» **Data**
--------------------------------

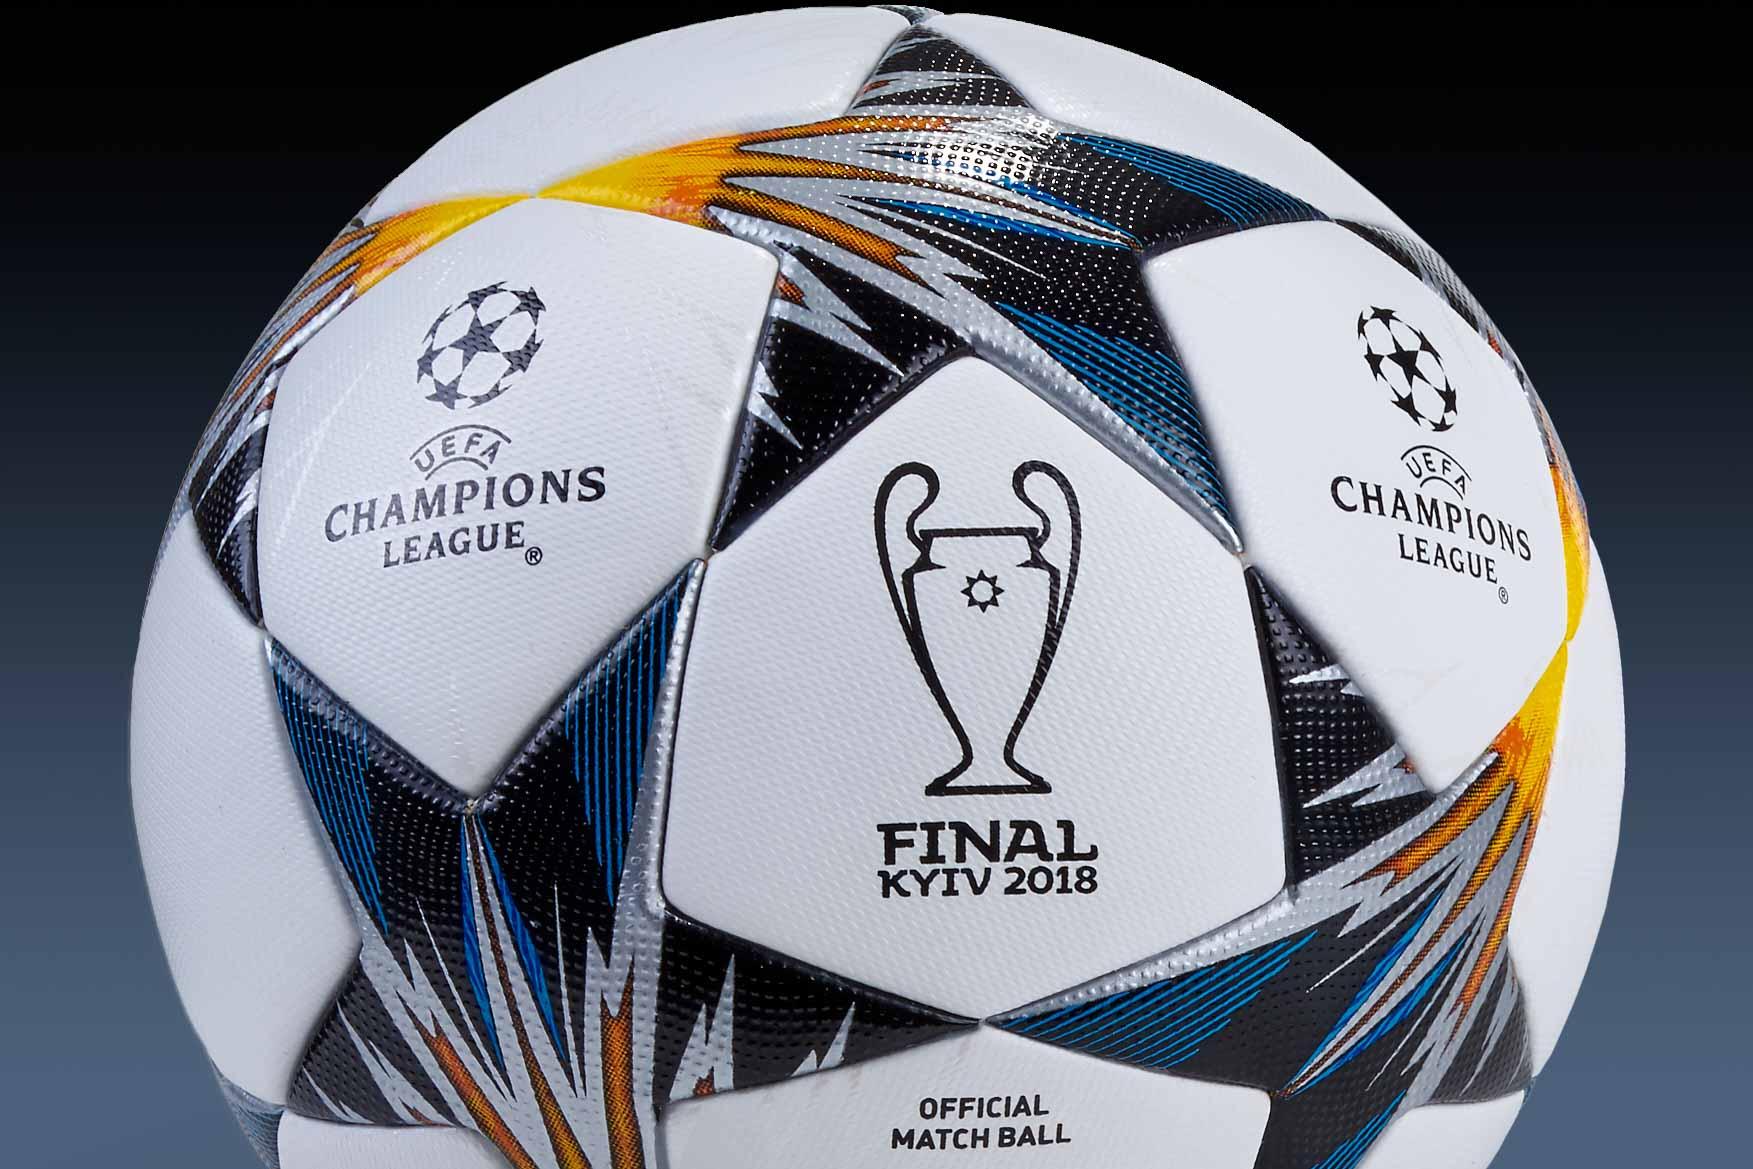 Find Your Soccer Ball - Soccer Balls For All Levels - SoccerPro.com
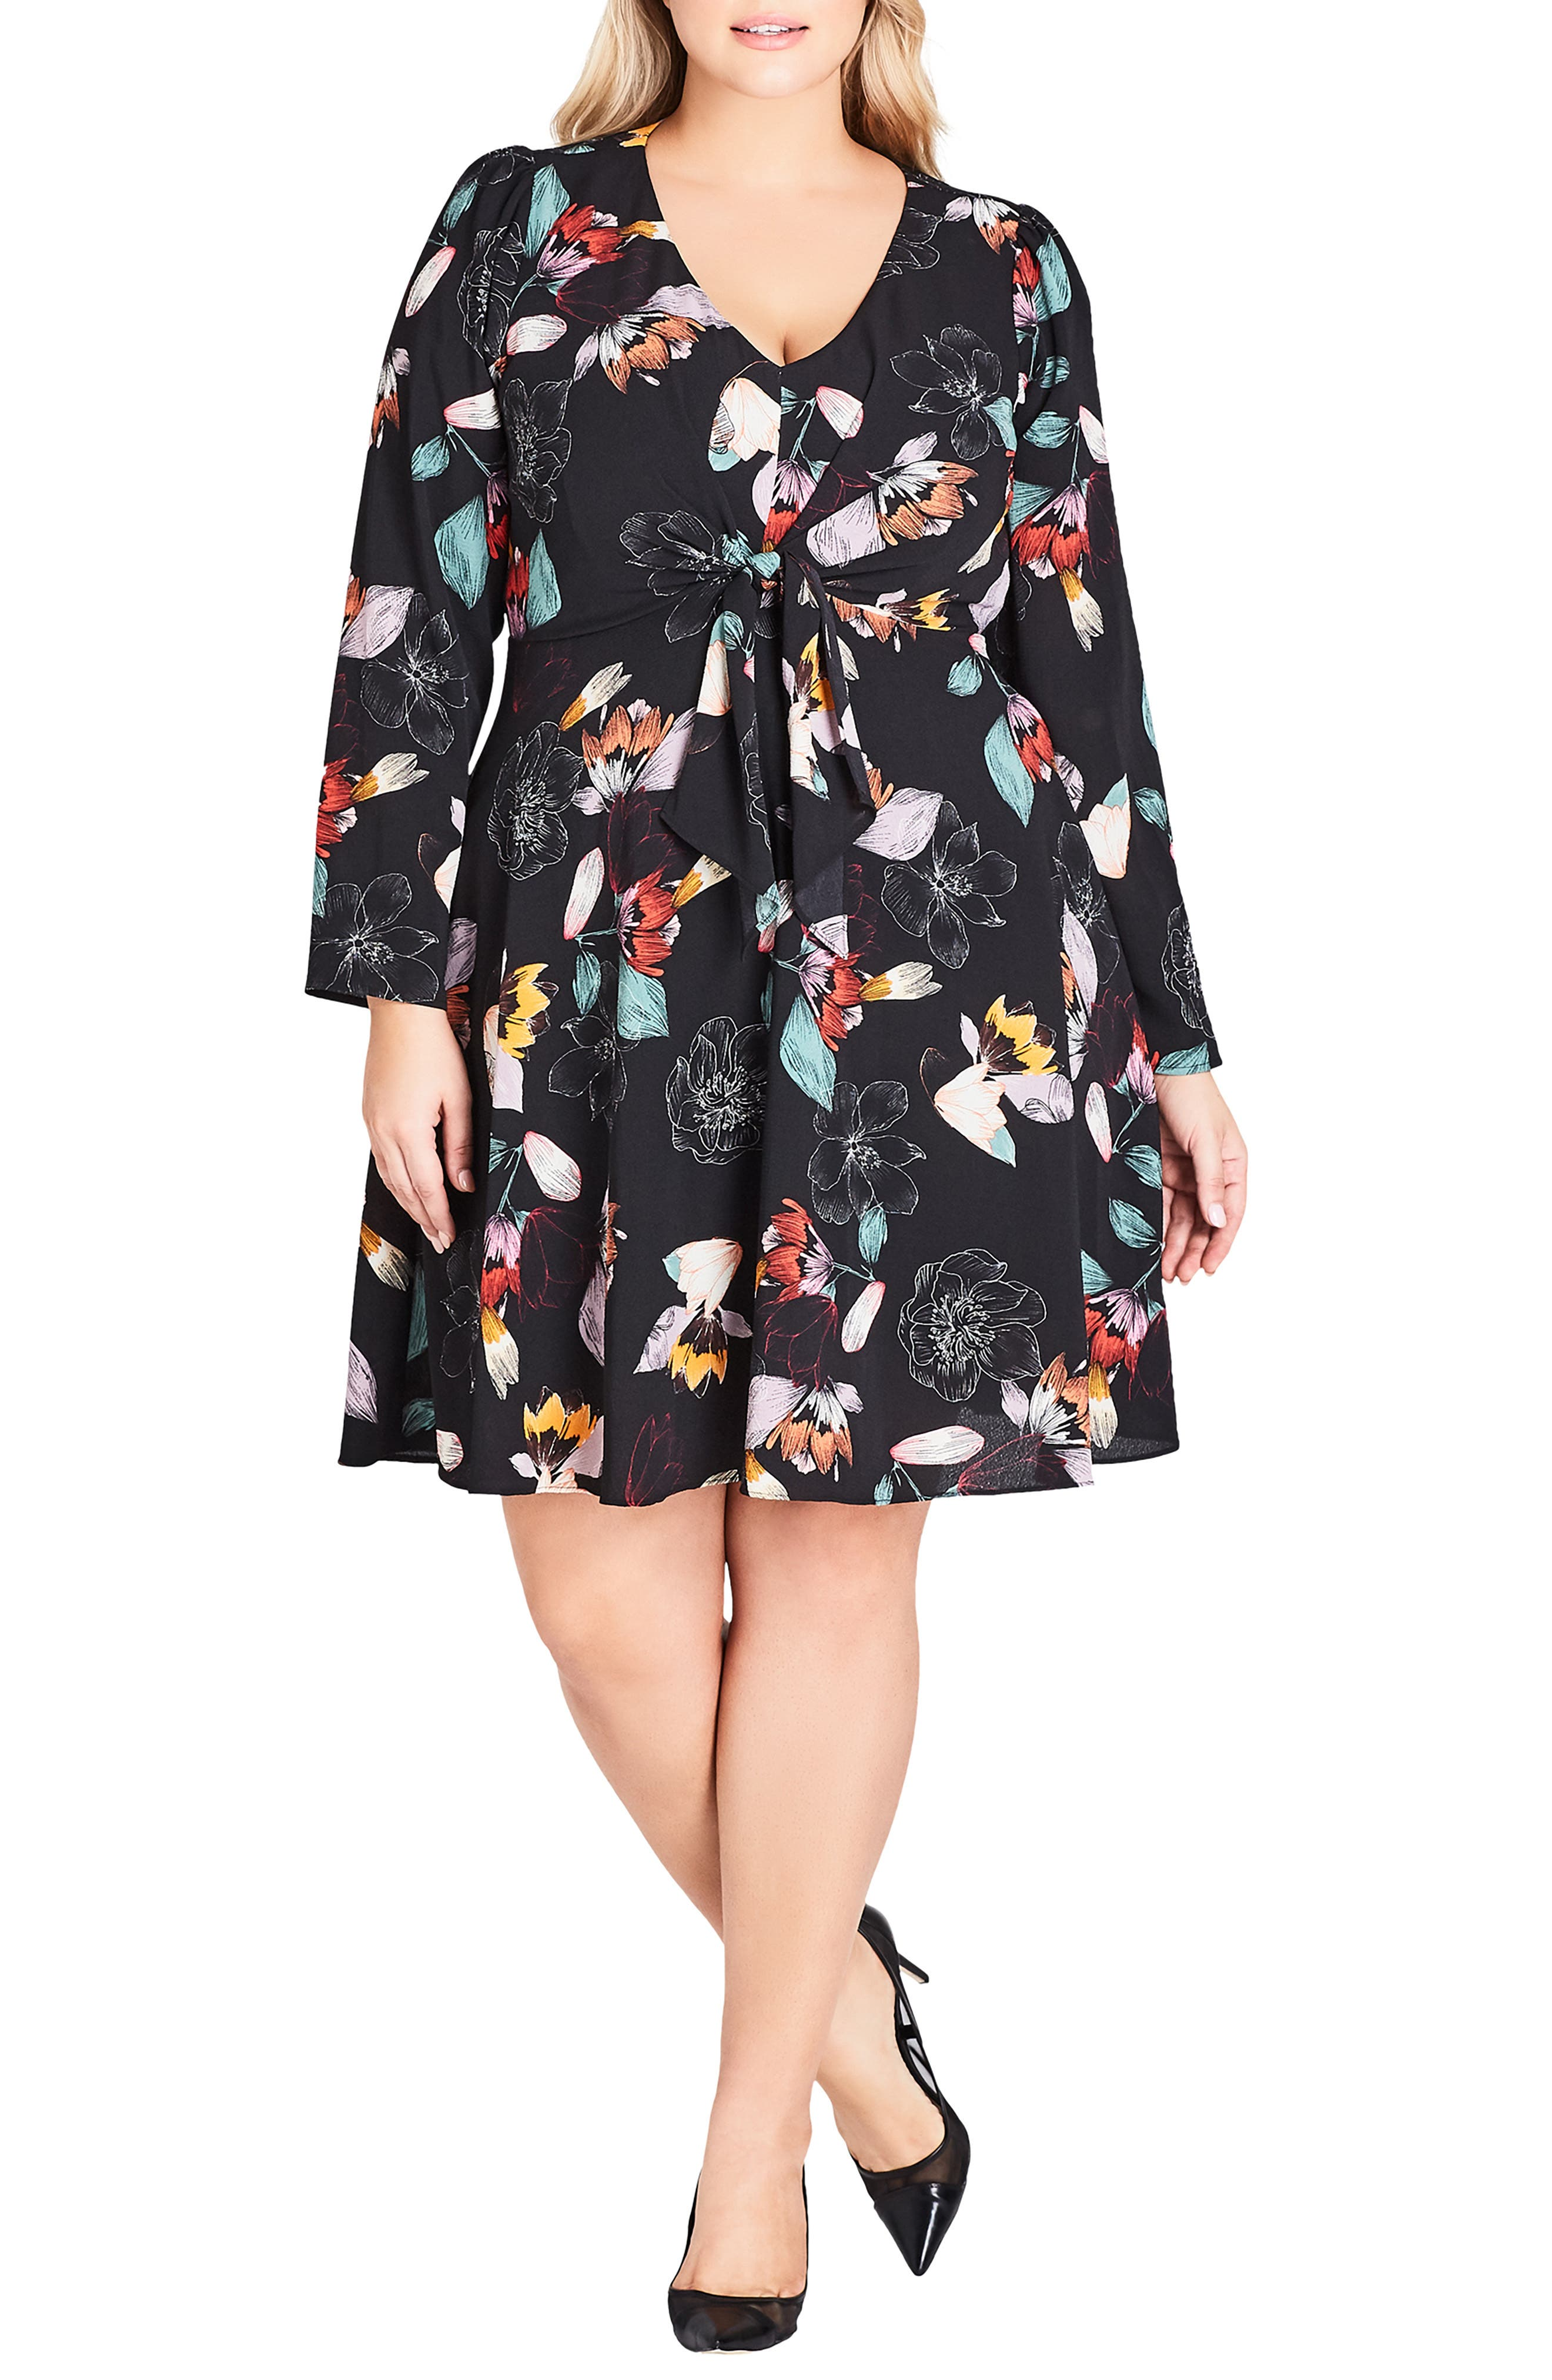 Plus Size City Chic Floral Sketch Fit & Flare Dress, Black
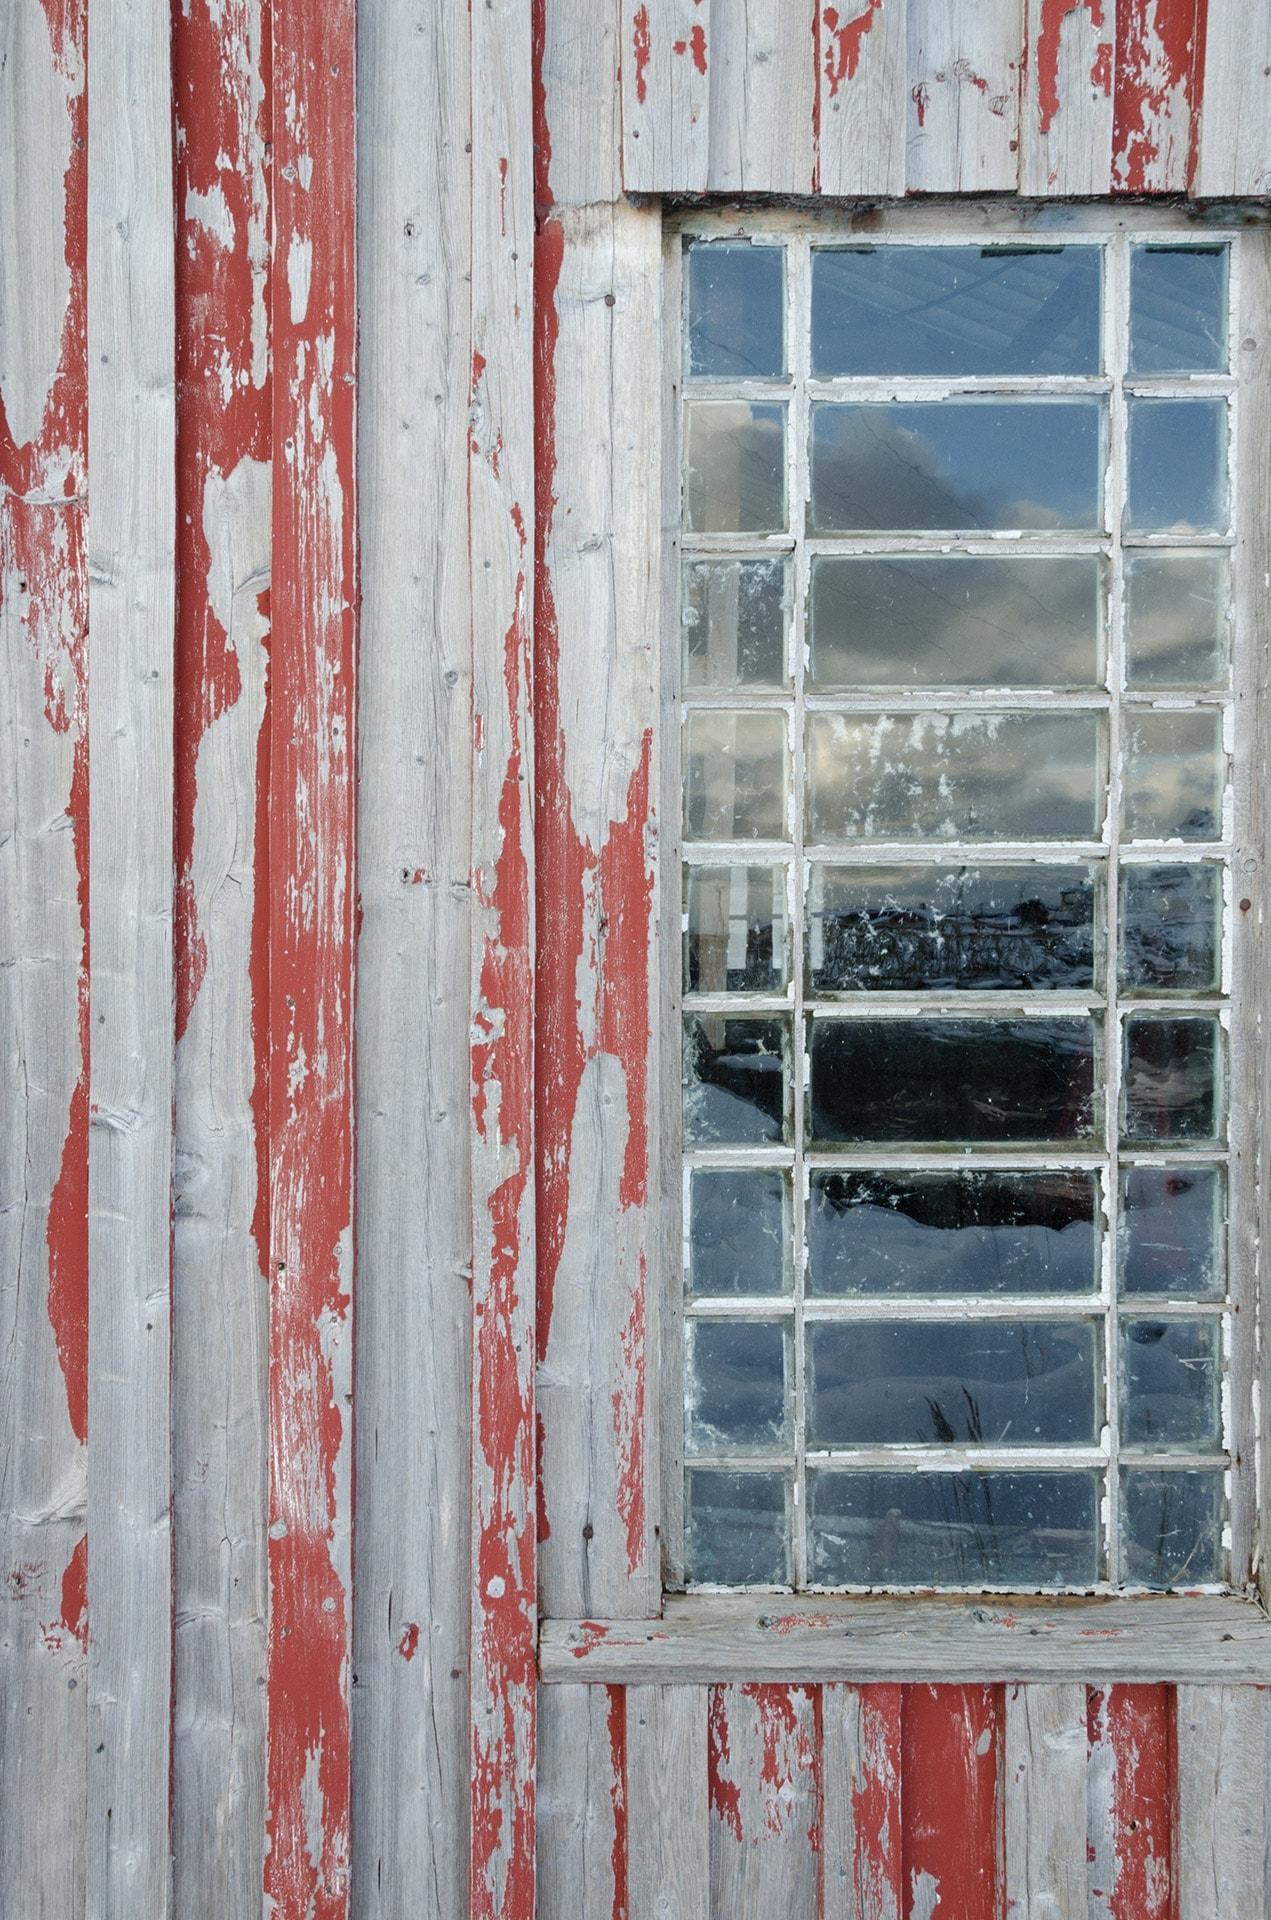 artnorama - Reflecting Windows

--------------------------------

» **How to complete this task**
Without including any picture, write out the material above verbatim.

» **Output for this task**
 Find Your Soccer Ball - Soccer Balls For All Levels - SoccerPro.com
 Plus Size City Chic Floral Sketch Fit & Flare Dress, Black
 artnorama - Reflecting Windows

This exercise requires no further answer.